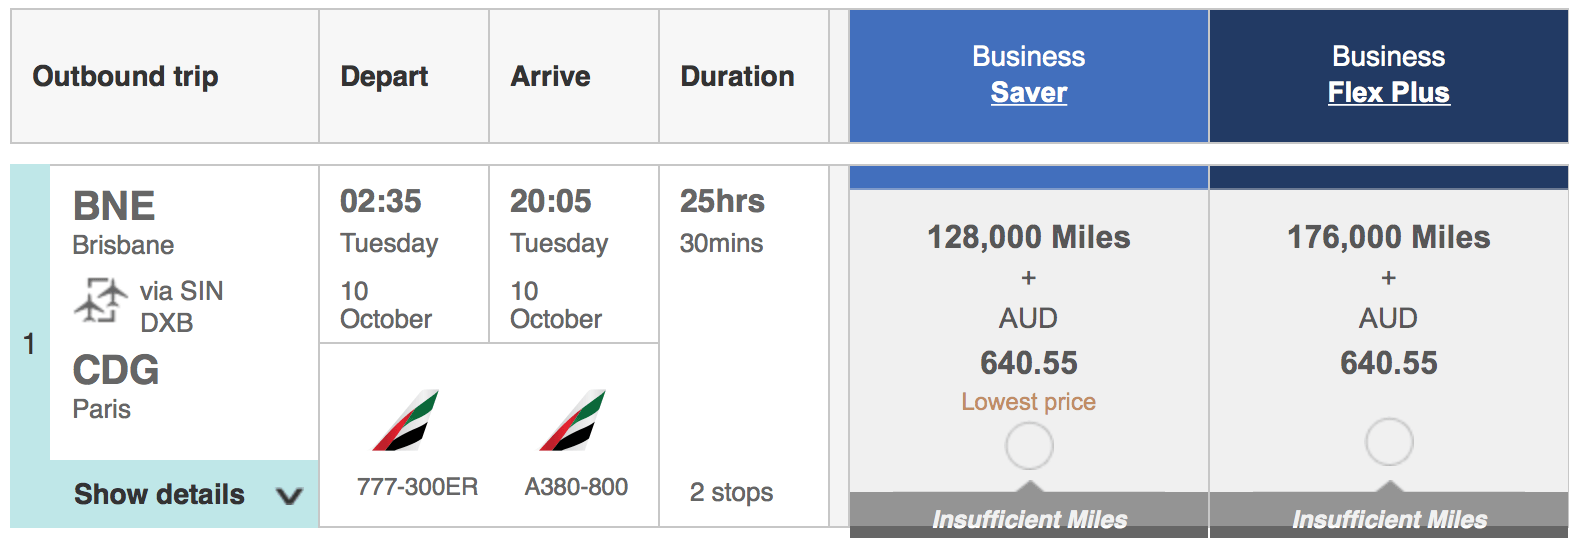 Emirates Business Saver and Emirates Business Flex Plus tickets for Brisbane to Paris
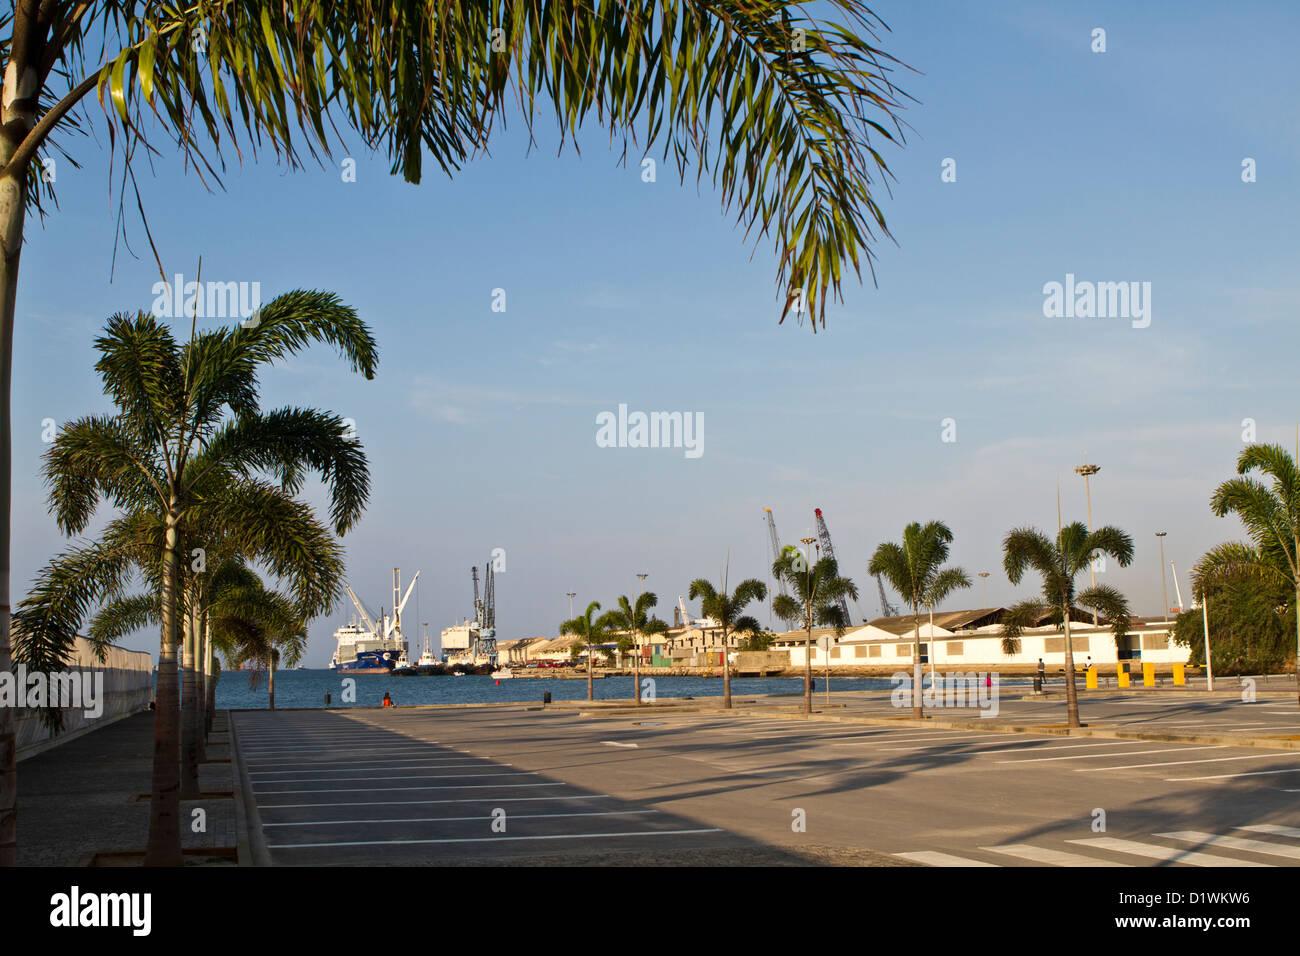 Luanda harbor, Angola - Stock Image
...
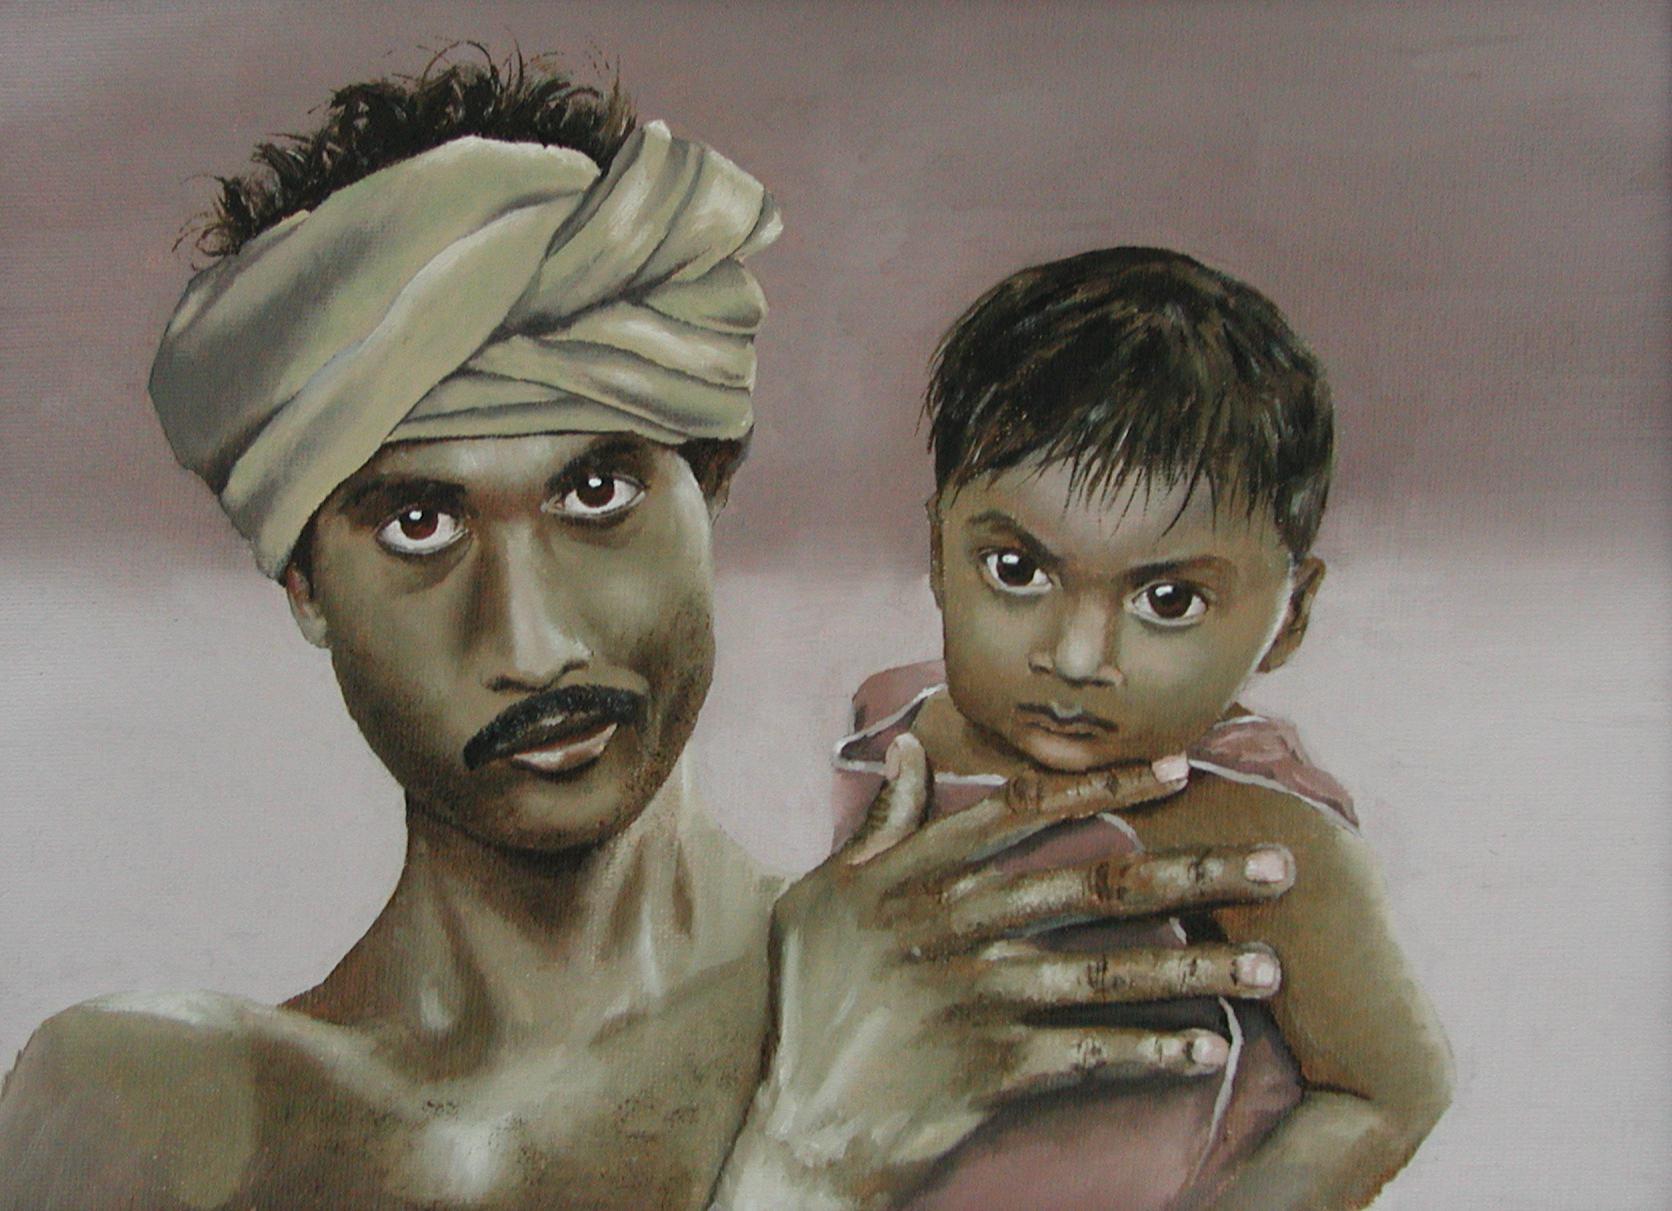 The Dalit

(Work required)
Above are some records. Output exactly the lines from the one that contains "Emirates Business Saver" to the one that contains "Luanda harbor, Angola - Stock Image", keeping both, and omit the pictures.

(Exercise result)
 Emirates Business Saver and Emirates Business Flex Plus tickets for Brisbane to Paris
 Luanda harbor, Angola - Stock Image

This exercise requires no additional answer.